--- START ---

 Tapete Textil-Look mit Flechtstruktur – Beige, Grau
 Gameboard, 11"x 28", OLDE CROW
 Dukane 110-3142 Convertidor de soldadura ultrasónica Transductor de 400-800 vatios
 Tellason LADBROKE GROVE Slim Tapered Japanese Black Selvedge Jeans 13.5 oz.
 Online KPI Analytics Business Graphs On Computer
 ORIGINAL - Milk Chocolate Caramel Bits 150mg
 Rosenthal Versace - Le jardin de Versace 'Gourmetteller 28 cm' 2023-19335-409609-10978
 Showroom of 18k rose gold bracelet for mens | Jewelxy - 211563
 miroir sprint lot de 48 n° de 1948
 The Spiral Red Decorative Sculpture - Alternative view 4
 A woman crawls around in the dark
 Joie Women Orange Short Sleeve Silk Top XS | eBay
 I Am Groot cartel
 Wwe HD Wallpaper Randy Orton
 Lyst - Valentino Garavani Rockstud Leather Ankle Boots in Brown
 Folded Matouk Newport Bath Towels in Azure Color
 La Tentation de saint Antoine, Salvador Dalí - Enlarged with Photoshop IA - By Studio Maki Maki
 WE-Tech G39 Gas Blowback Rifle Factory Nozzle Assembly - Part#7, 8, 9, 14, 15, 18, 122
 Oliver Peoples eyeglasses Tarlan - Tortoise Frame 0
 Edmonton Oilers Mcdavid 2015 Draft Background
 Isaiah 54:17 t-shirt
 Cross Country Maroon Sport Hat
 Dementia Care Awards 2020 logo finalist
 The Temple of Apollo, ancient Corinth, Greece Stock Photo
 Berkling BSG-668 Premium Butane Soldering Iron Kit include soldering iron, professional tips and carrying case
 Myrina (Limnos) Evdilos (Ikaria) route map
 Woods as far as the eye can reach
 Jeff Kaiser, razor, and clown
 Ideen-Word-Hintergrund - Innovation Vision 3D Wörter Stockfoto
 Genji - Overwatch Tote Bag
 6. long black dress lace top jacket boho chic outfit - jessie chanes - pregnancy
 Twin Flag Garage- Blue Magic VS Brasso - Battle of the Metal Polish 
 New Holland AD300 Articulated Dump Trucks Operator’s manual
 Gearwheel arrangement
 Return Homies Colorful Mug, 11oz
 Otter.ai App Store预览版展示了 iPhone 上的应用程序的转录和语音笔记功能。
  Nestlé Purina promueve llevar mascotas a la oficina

--- END ---

== Required action ==
Give again, word for word, the records from their first line to the one with "Online KPI Analytics", and leave out all else.

== Result of the exercise ==
 Tapete Textil-Look mit Flechtstruktur – Beige, Grau
 Gameboard, 11"x 28", OLDE CROW
 Dukane 110-3142 Convertidor de soldadura ultrasónica Transductor de 400-800 vatios
 Tellason LADBROKE GROVE Slim Tapered Japanese Black Selvedge Jeans 13.5 oz.
 Online KPI Analytics Business Graphs On Computer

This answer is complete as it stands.